Land-rating bill to boost county levies

By , August 18, 2023

Property owners in low-income areas will pay land rates to their respective county governments if a new Bill is passed into law.

The National Rating Bill, 2023 sponsored by North Mugirango MP Joash Nyamoko aims to establish a comprehensive legal framework for levying properties and land throughout the country.

The proposed law also seeks to consolidate valuation for rating Acts and to provide a comprehensive and uniform legislative framework.

“Bill seeks to identify the mechanisms on how county governments shall undertake valuation for rating and position of rates on rateable property to reflect the powers that were intended under Article 209(3)(a), for counties to impose property taxes/rates,” the Bill.

If enacted, Bill will enhance certainty, uniformity, and fairness in levying property rates across county governments.

“The proposed Bill seeks to provide a uniform legislative framework for both the National and county governments, governing the imposition of rates and property valuations as per the Constitution’s contemplation,” Nyamoko noted.

Rating laws

Currently, various counties have established their rating laws, often differing from one another.

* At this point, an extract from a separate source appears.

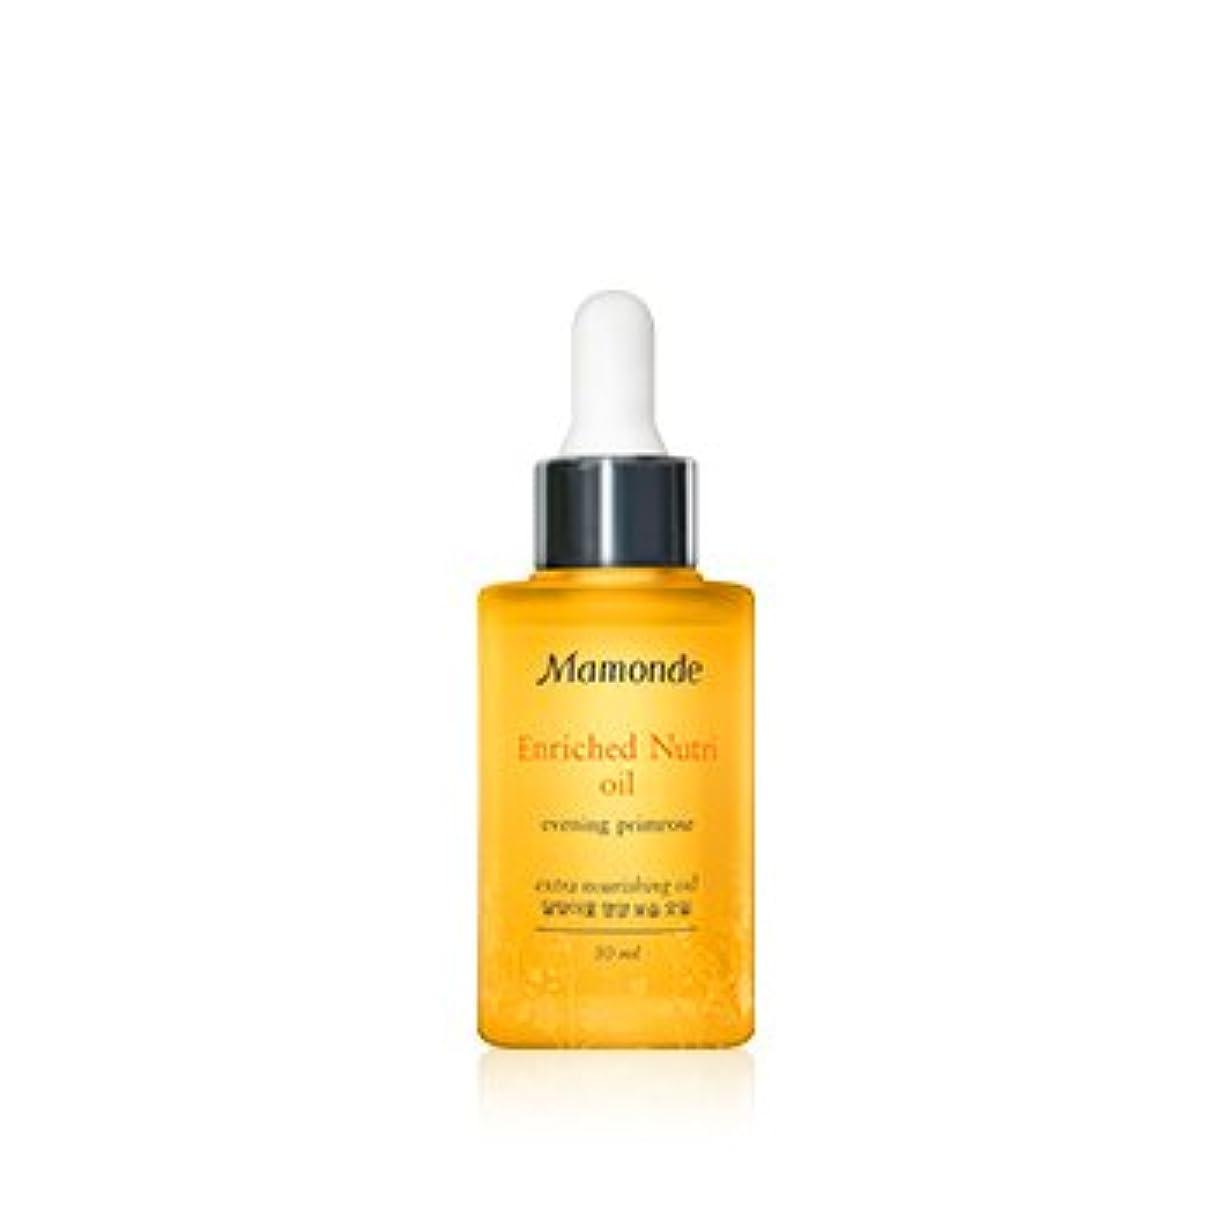 ガウンリムブルーム[New] Mamonde Enriched Nutri Oil 30ml/マモンド エンリッチド ニュートリ オイル 30ml [並行輸入品]

By having a single legislation governing all the devolved units and the National government, the North Mugirango legislator noted that the proposed law, if passed, will bring harmony and consistency in the rate collection process.  “Bill seeks to provide for enhancement, certainty, uniformity and fairness in levying of property rates by the county governments,” he stated.

While moving the Bill, National Assembly Majority Leader Kimani Ichung’wa, said if enacted, it will guarantee secure own-source revenue for devolved units that have struggled in generating enough funds independently.

 “The Bill aims to eliminate disparities between counties in terms of the rates and taxes imposed, which can have adverse effects on businesses and individuals. Uniformity in taxation will promote a more balanced and conducive business environment across the country,” Ichung’wa said.

The Kikuyu MP charged that a substantial number of people in major cities like Nairobi, Kisumu, Mombasa and Nakuru own owners of rate-able properties and they expect county governments to offer them adequate services but there is a lot of non-uniformity and unfairness in the manner they pay rates.

“In Embakasi East Constituency where we also have slum billionaires, you will find somebody with five acres of land, the amount of money they pay in terms of rates to the Nairobi City County is negligible compared to what somebody in Lavington or Kilimani pays for, say, half an acre or quarter of an acre,” said Ichung’wa.

According to Ichung’wa, the current law creates a situation where there is no uniformity and fairness in the taxes and property rates levied by counties.

“The only reason why taxes, levies, and rates are levied on people is because you are the people enjoying the services offered by the county governments. This Bill seeks to create that uniformity and fairness in levying of property taxes by county governments,” he held. The Bill also seeks to enhance the use of appropriate technology in undertaking valuation for rating and rating-related purposes.

Parking fees

A study conducted in 2018 by the National Treasury in collaboration with the World Bank on the Own Source of Revenue Potential and Tax-Guard Study in the Kenya County Governments, revealed that the revenue potential of the devolved units ranged between Sh55 billion and Sh173 billion, a stark contrast to the Sh35 billion currently being collected.

Nyamoko said it was evident that the revenue collected from properties and land rates is not as attractive as the revenue generated from parking fees and health facilities.

According to Nyamoko, the proposed law aims to repeal the outdated Valuation of Rating Tax, and the Rating Act, which were enacted back in 1956 and 1964, respectively, adding that the acts lack a clear legal framework aligned with the Constitution and the devolved system

The objective of this bill is to broaden the tax base, thereby creating a more substantial revenue source to empower county governments in addressing their pressing needs effectively.